# From Married to Roommates?



## [email protected] (Jul 13, 2012)

Let me try to keep this short. We are stuck in our house - owe more than we it's worth. Neither of us can afford to stay alone, as we can barely afford the other bills. We have 2 boys - our 4 yr old son and her 12 yr old son.

Neither of us is sure we want to be married to each other - constant arguments and fighting. She's always saying I'm never happy, and at home I'm probably not. I feel like I ask her son to do simple chores, and she gets mad at me for asking him to do anything.

I love my son, and really enjoy the time he and I get to spend together. Although I would get 50/50 custody, it would be tough only getting to see him every other week.

Options:
1. Let house go into foreclosure, and we both move out?
2. Stay and get stuck in the same rut we've been in for the last couple of years?

She won't meet with a mediator, states that she will get her attorney to tell her what to do. Again, neither of us can afford an attorney and I can barely pay a couple hundred bucks if she would agree to us meeting with a mediator.

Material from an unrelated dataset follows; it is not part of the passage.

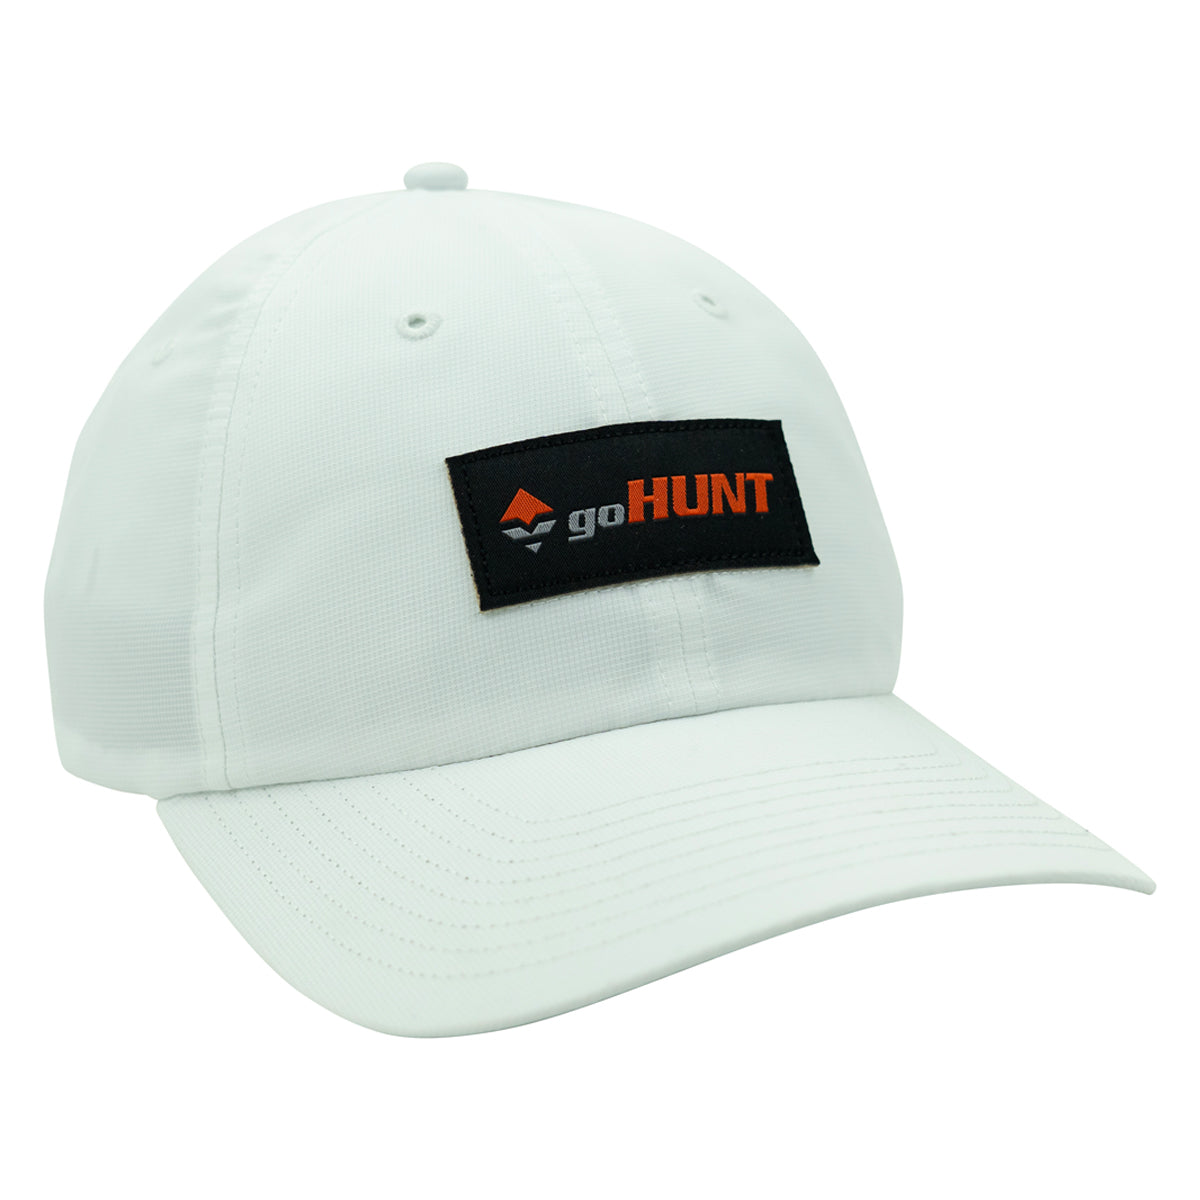 The Dad Hat in The Dad Hat by goHUNT | Apparel - goHUNT Shop by GOHUNT | GOHUNT - GOHUNT Shop
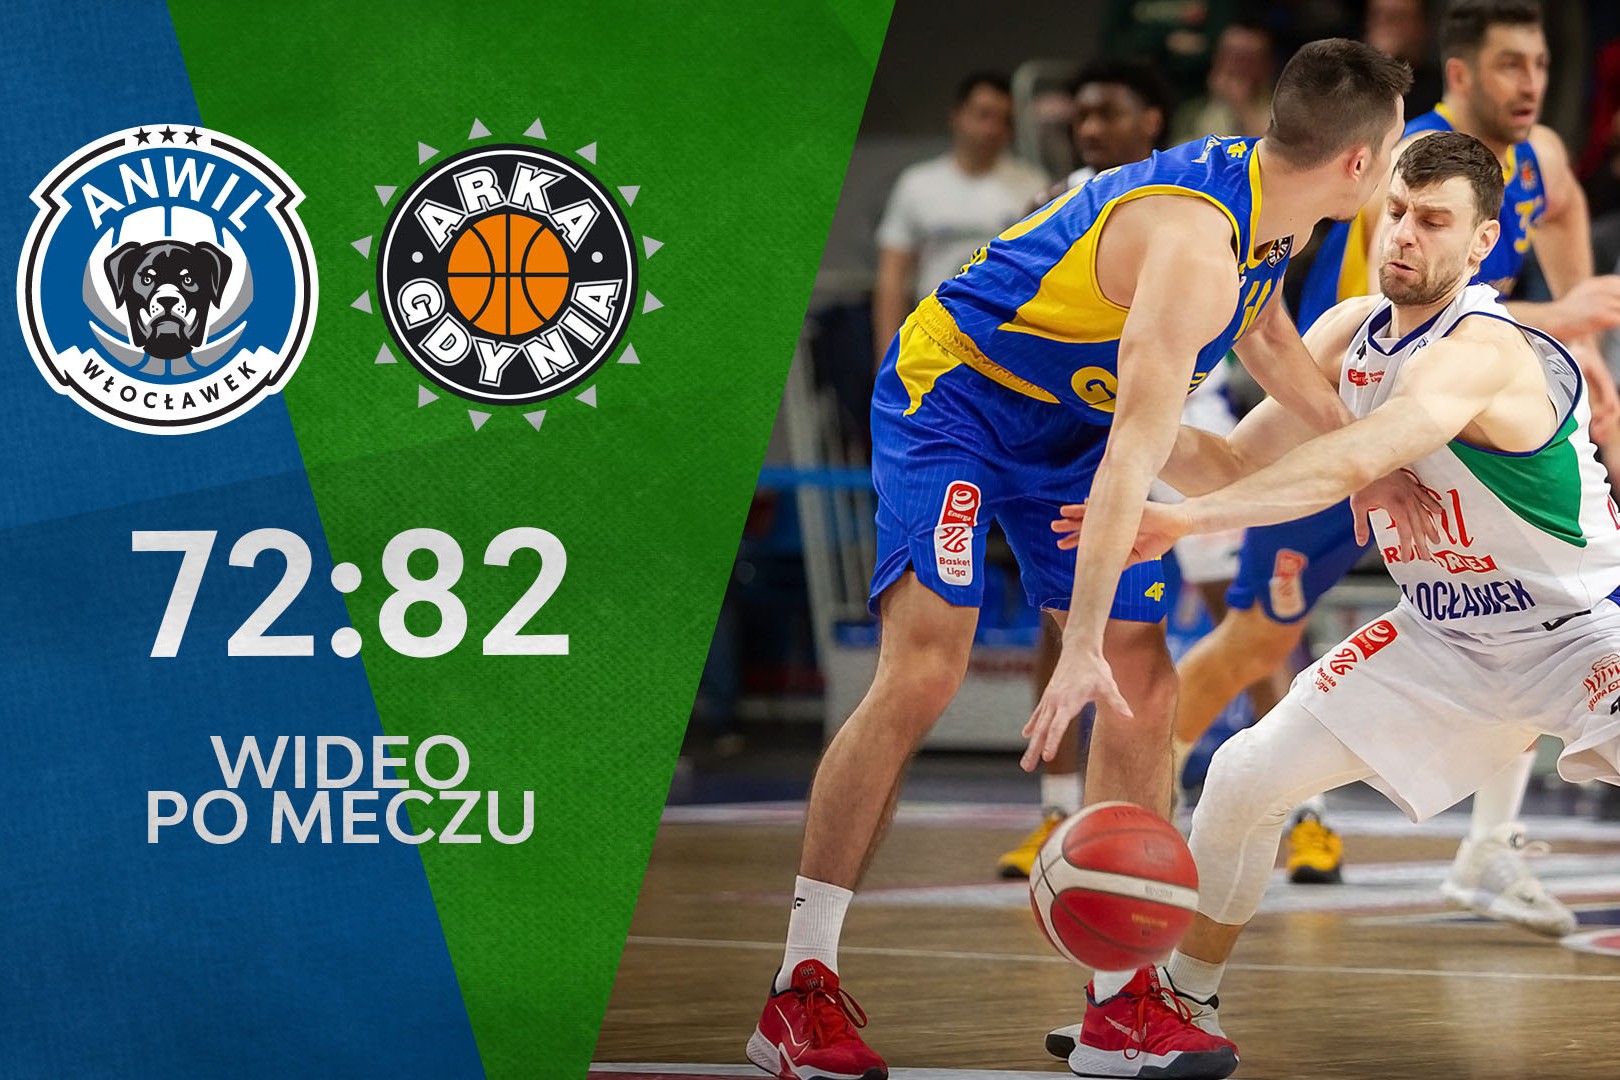 WIDEO | Anwil - Asseco Arka 72:82

Anyone else in a similar situation? I feel trapped.


----------



## tacoma (May 1, 2011)

Seems like you might be room mates for awhile which might not be a bad thing if you use that time ti see what your options are.

If you're at all interested in fixing your marriage run a search on this forum for manning up and the 180
_Posted via Mobile Device_


----------



## Hope Springs Eternal (Oct 6, 2012)

[email protected] said:


> Let me try to keep this short. We are stuck in our house - owe more than we it's worth. Neither of us can afford to stay alone, as we can barely afford the other bills. We have 2 boys - our 4 yr old son and her 12 yr old son.
> 
> Neither of us is sure we want to be married to each other - constant arguments and fighting. She's always saying I'm never happy, and at home I'm probably not. I feel like I ask her son to do simple chores, and she gets mad at me for asking him to do anything.
> 
> ...


I'm in the exact same situation. And people keep advising "screw the finances, just move out or make her move out." They just don't get it. Every bill is a struggle to pay. No wonder our relationship is strained. Anyhow, feel for you, sorry you have 2 young kids to deal with this around. I pray you will work things out. That's what I'm hoping for in my relationship.


----------